Mayo Clinic, Thomas Jefferson transform telehealth and virtual care to redesign the patient experience
Stephen Klasko, MD has shaken things up in his three-year tenure as CEO of Thomas Jefferson University Hospital.
That includes consolidating three organizations into one and injecting a more entrepreneurial spirit to the academic medical – and that has required bringing doctors up to speed on telehealth and virtual care technologies.
“We now require physicians to be telehealth-trained and to do at least one telehealth session per month in order to receive incentives,” Klasko explained. “Doctors need to be involved in redesigning the human experience, like providing mammogram results in just minutes instead of making a woman wait anxiously for four days.”
Thomas Jefferson is among the vanguard of hospital systems re-engineering telehealth and virtual care platforms to improve the patient experience. The Mayo Clinic, Ohio Health, and Hospital Corporation of America are also undertaking similar turn-around initiatives.
Mayo Clinic and HCA: From sprawl to success
Sometimes the zeal to create telehealth programs causes a tangle of competing efforts, as was the experience of Bart Demaerschalk, MD at the Mayo Clinic and Christopher Northam of HCA.
“Our departments were developing telehealth programs independently,” said Demaerschalk, medical director of telemedicine services at Mayo. “We now have a consolidated Connected Care program that provides one place to go for expertise in operations, compliance, legal and IT.”
Hospital Corporation of America, likewise, had to reengineer its sprawling telehealth program, which spans 382 sites in 20 states.
“We’ve transitioned from technology-focused telehealth to clinically focused, technology-enabled telehealth,” said Christopher Northam, HCA’s vice president of telehealth. Although telestroke and telebehavioral care are still the pillars of the HCA program, the network has widened to include remote home monitoring, rehab clinics and radiology centers.
HCA also linked the telehealth platform to its Meditech EHR. “Our enterprise data warehouse has over 28 petabytes of data,” said Ryan Richardson, director of HCA’s strategic analytics. “We’re able to cull actionable data from the warehouse, including telehealth volume by physician and service line. And we’re starting to analyze the length of a telehealth encounter with the quality of the outcomes.”
OhioHealth: Telemedicine no longer underutilized
When Chad Miller, MD, realized that many of the cases in OhioHealth’s telestroke program involved non-stroke neurological conditions like seizures and hypertensive emergencies, it became clear the resource was underutilized and ripe for improvement.
“We restructured our virtual health platform to enable clinicians to do remote workups and assess a wide range of neurological conditions,” said Miller, the system medical chief for neurocritical care at OhioHealth. “We were quickly able to reduce our transfer rate to tertiary facilities in half.”
Building on that significant achievement, in fact, OhioHealth plans to do more remote patient monitoring and chronic care management across its 12-hospital network.

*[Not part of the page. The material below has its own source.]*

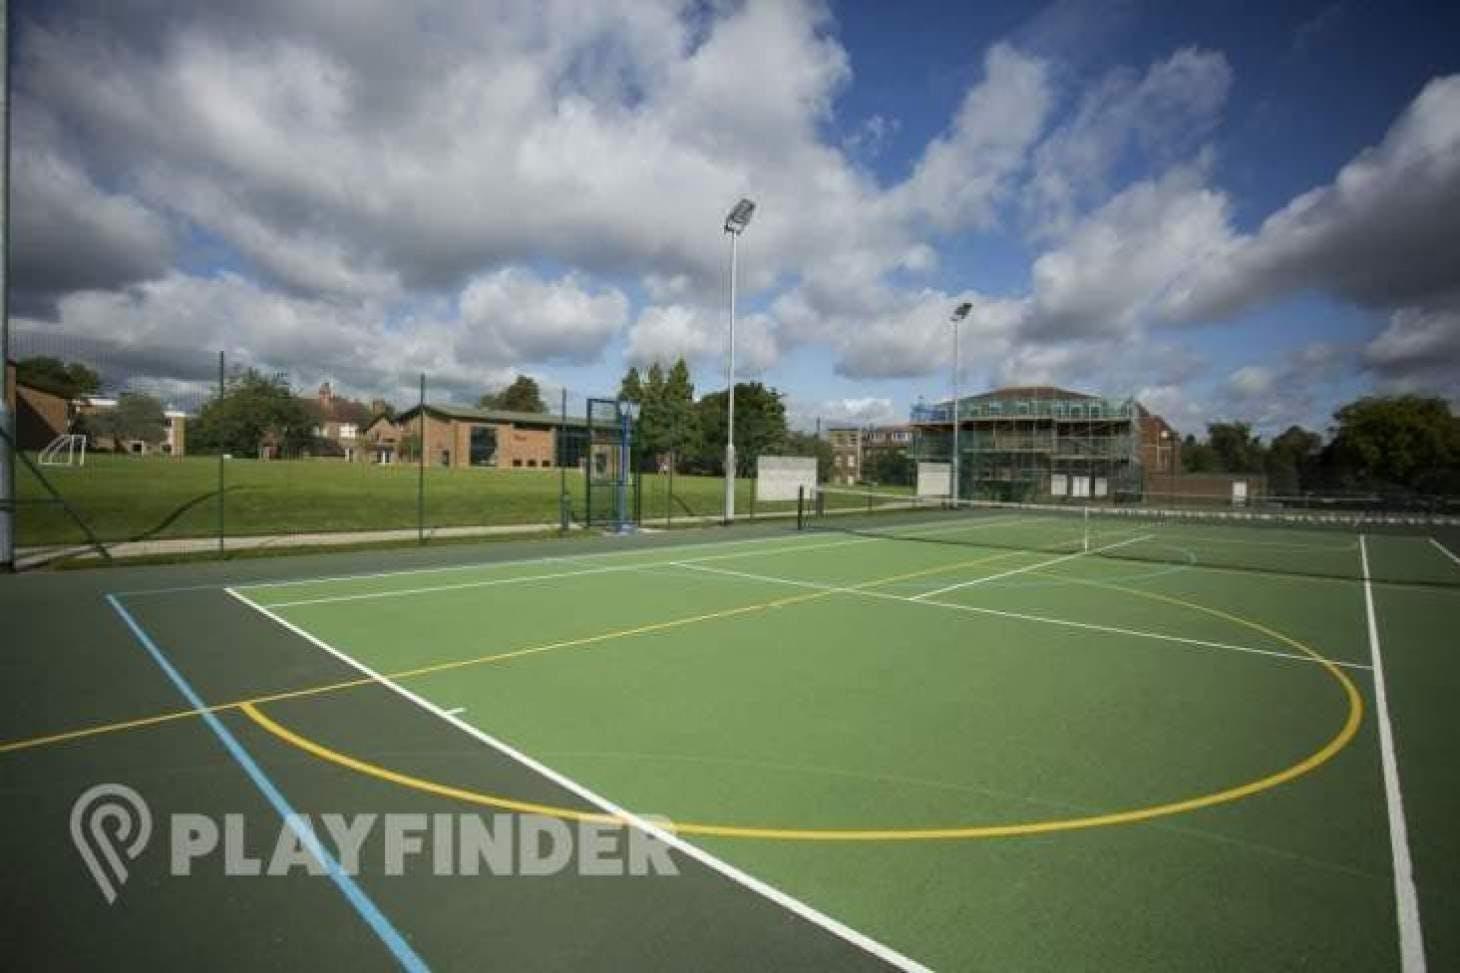 St Helen's Sports Complex Outdoor | Hard (macadam) tennis court

Physicians need new skills
Doctors are the key piece to all the telehealth initiatives at HCA, Mayo, OhioHealth and Thomas Jefferson — and succeeding means equipping them with the technological chops to thrive using telemedicine and virtual care tools.
To that end, Klasko said that hospitals cannot afford to choose doctors on criteria like grade point average and, as such, he recommended that hospitals undertake modern behavioral and competency-based interviews.
“Thirty years ago doctors had an excellent grasp of biology, but now they need a new skill set,” Thomas Jefferson’s Klasko said.
Thomas Jefferson, for instance, has partnered with United Airlines to help physicians more effectively use simulators to get them ready for real-world care situations.
“We’re working hard to ensure that tomorrow’s physicians have the skills needed to make telehealth successful: observation, communication and leadership,” Klasko said. “Technology will eventually replace about 80 percent of what doctors now do.”